In 1977, a group of Czechoslovak dissidents drafted and published the Charter 77 manifesto, which called on the communist government to respect human rights. Charter 77 was inspired in part by the 1975 Helsinki Accords, an international treaty signed by the United States, Canada and most European countries. The Helsinki Accords committed governments to guaranteeing basic human rights, such as freedom of speech, conscience, and assembly. But in Czechoslovakia and other communist states, these rights were routinely denied.

“The freedoms and rights of the people guaranteed by these pacts are important factors of civilization for which, throughout history, many progressive forces have been striving and their enactment can be of great assistance to the humanistic development of our society.
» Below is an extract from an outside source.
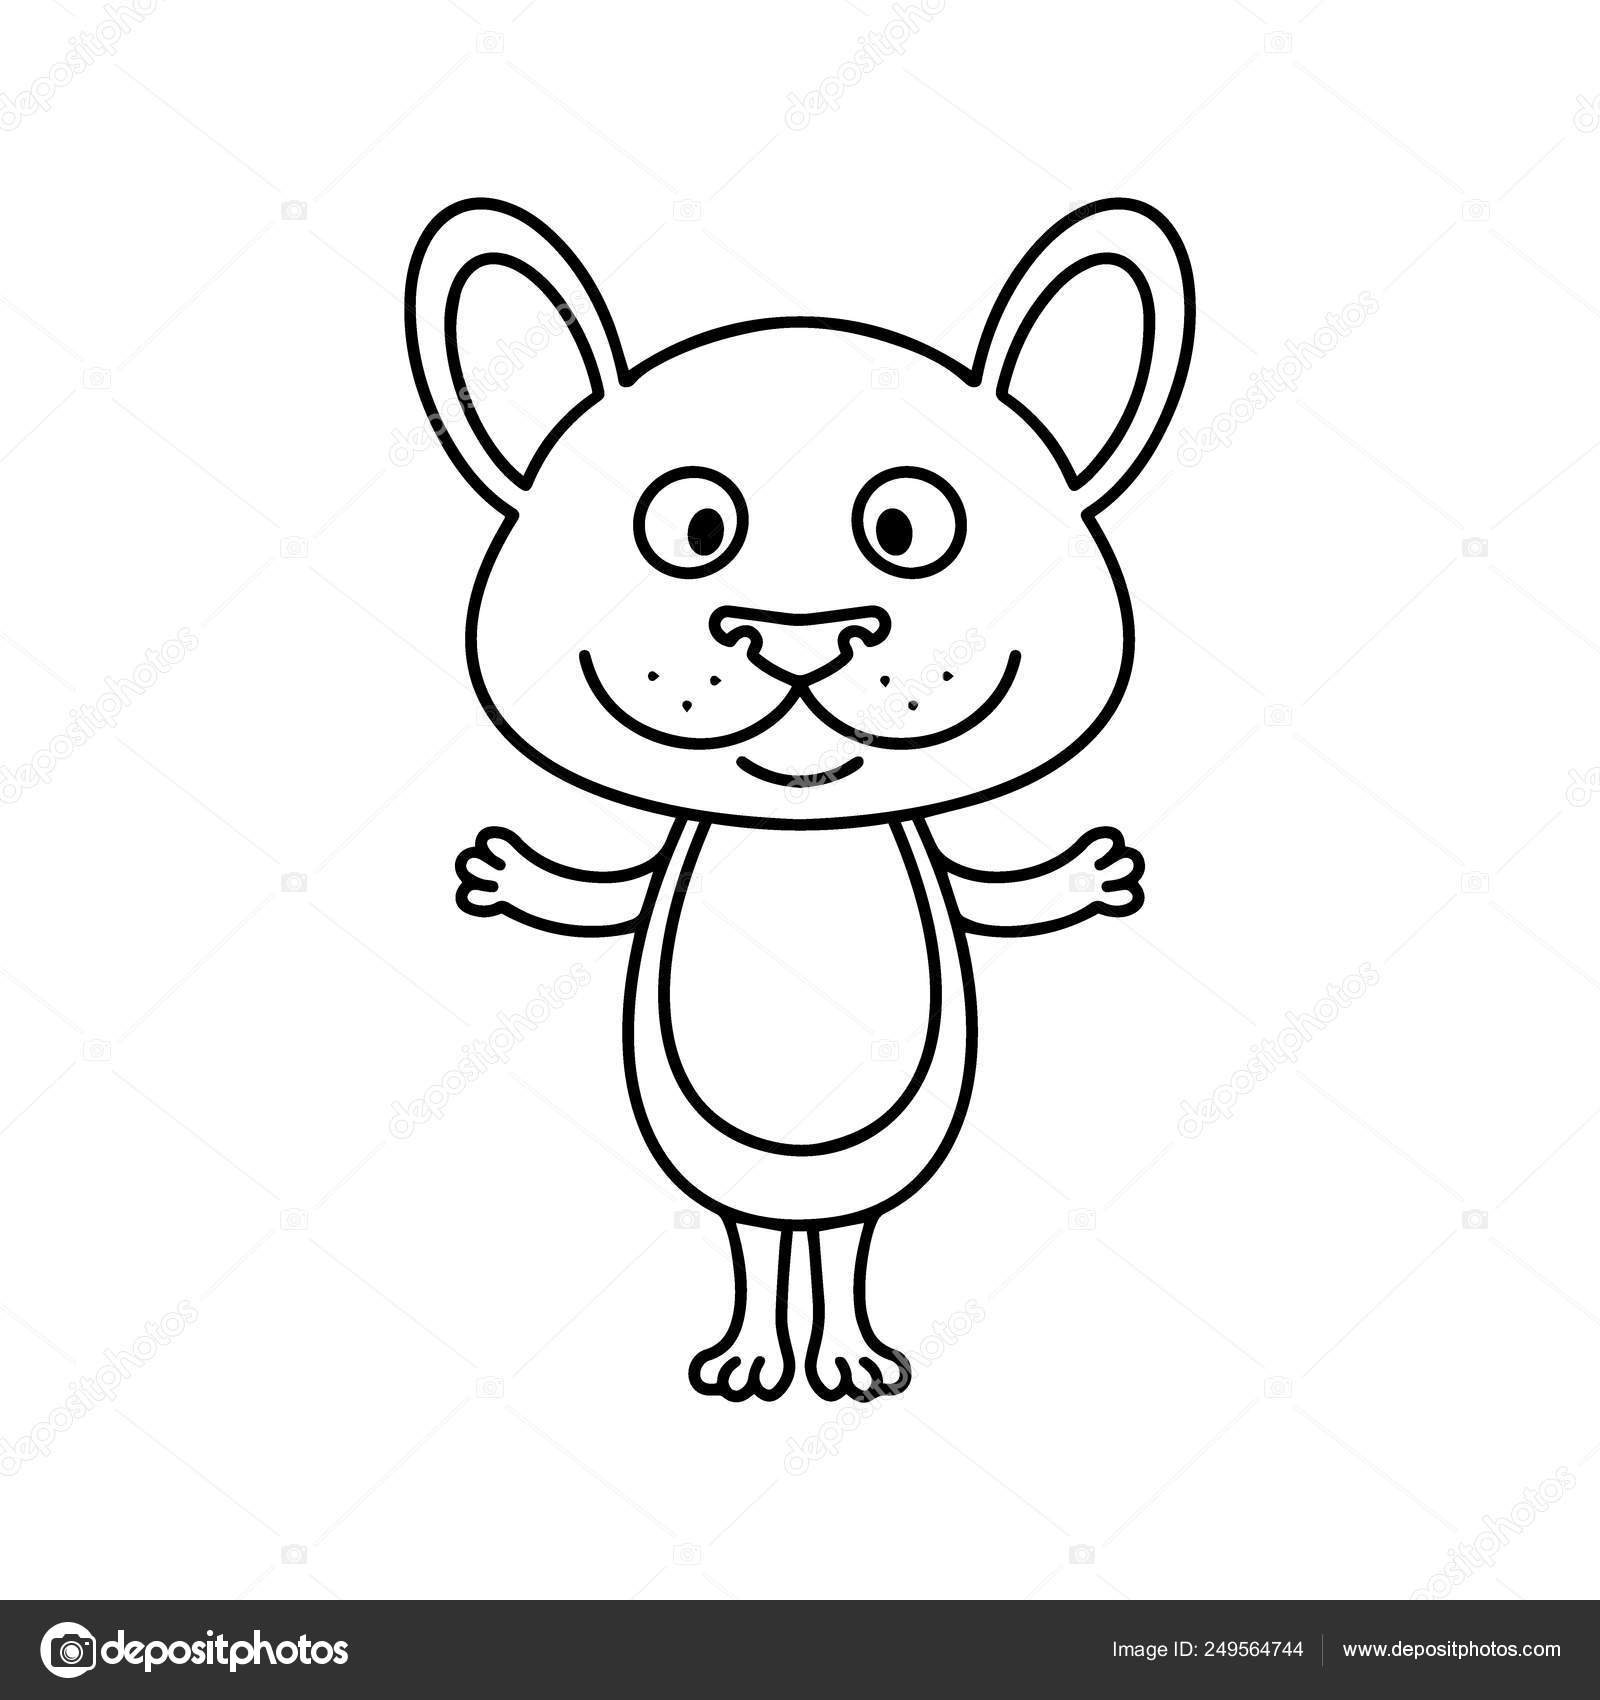 Cute Mouse Cartoon Linear Art Animal Sketch Vector Illustration
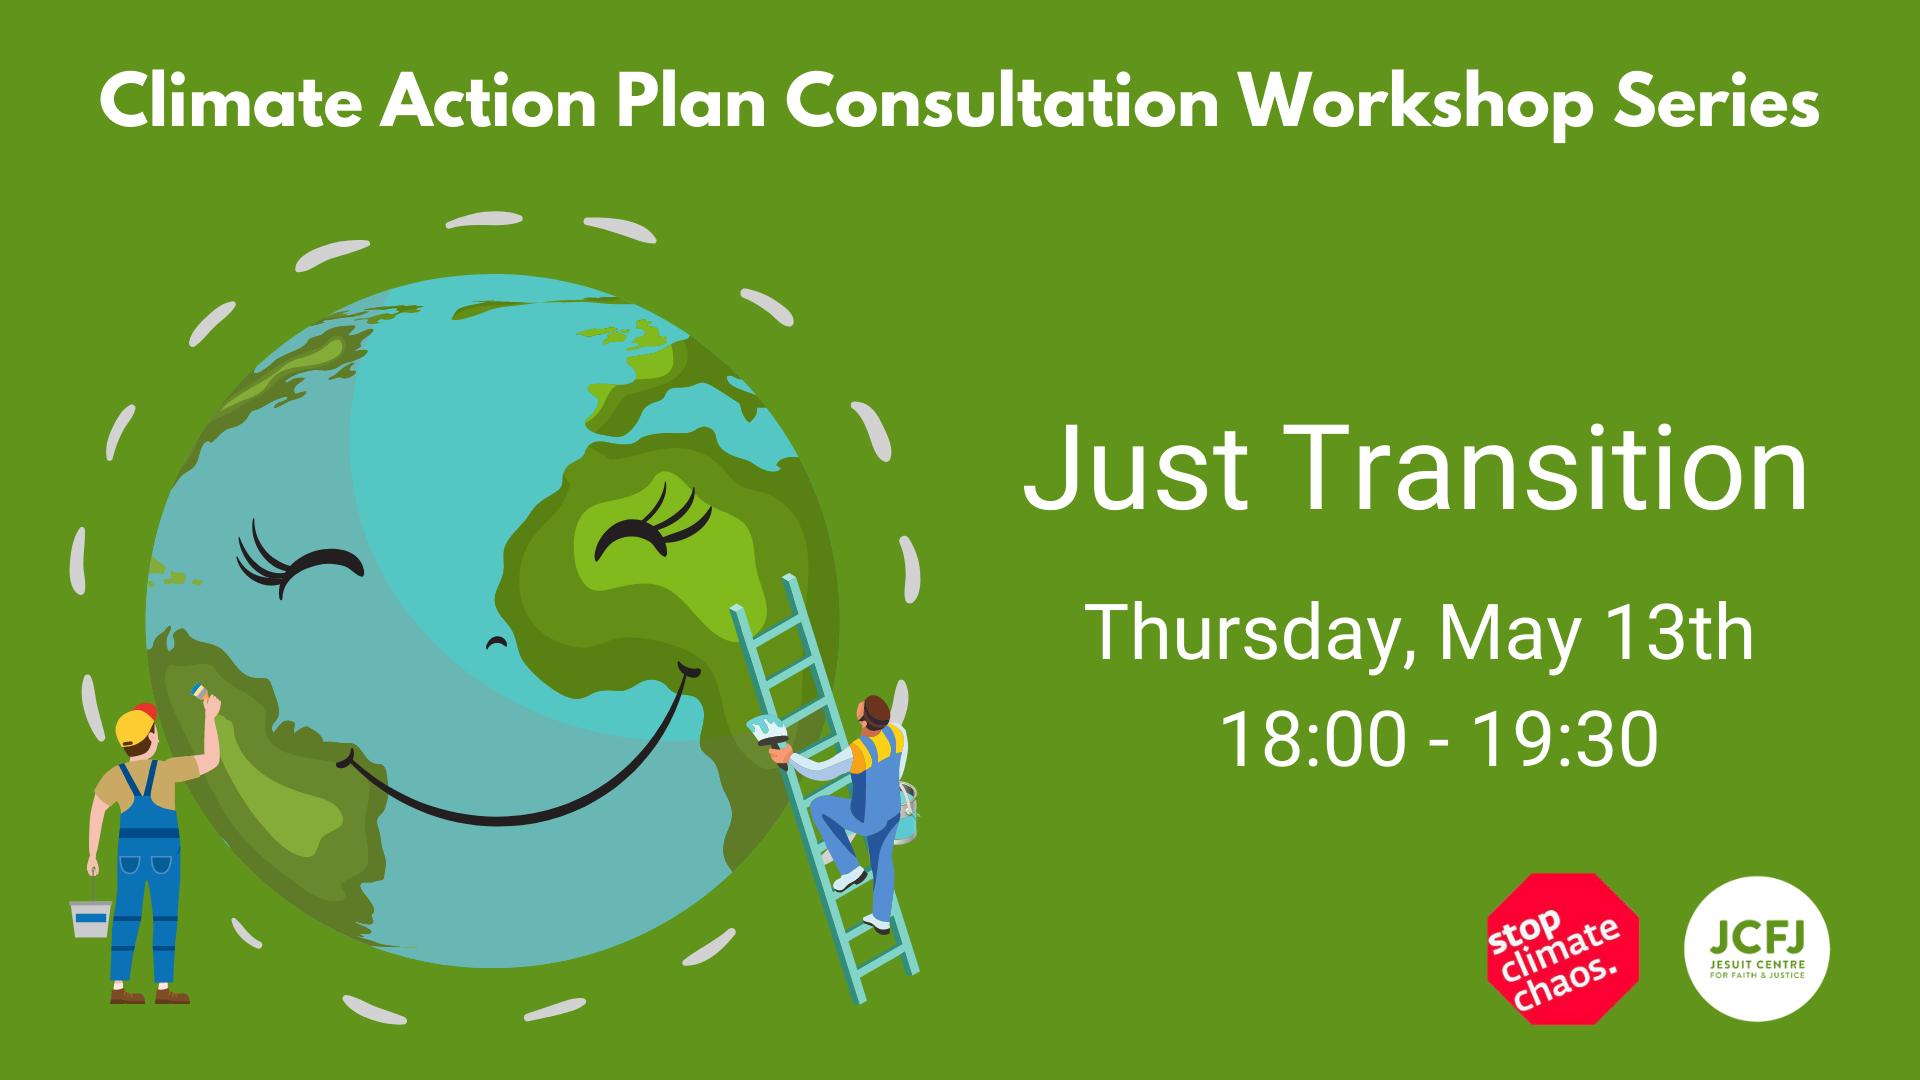 Just Transition Consultation Workshop

We therefore welcome the fact that the Czechoslovak Socialist Republic has expressed adherence to these pacts.

But their publication reminds us with new urgency how many fundamental civil rights for the time being are – unhappily – valid in our country only on paper.”

Vaclav Havel, a noted writer and dissident, was among the authors of Charter 77. He and many of his fellow signatories were harassed and imprisoned by the secret police for daring to challenge communist rule. But Charter 77 also became a rallying point for opposition to tyranny.

Havel helped lead the nonviolent demonstrations that brought down the communists in 1989 and became Czechoslovakia’s president as the country transitioned to democracy. This original copy of Charter 77 was donated to the Freedom Collection by the Vaclav Havel Library in Prague.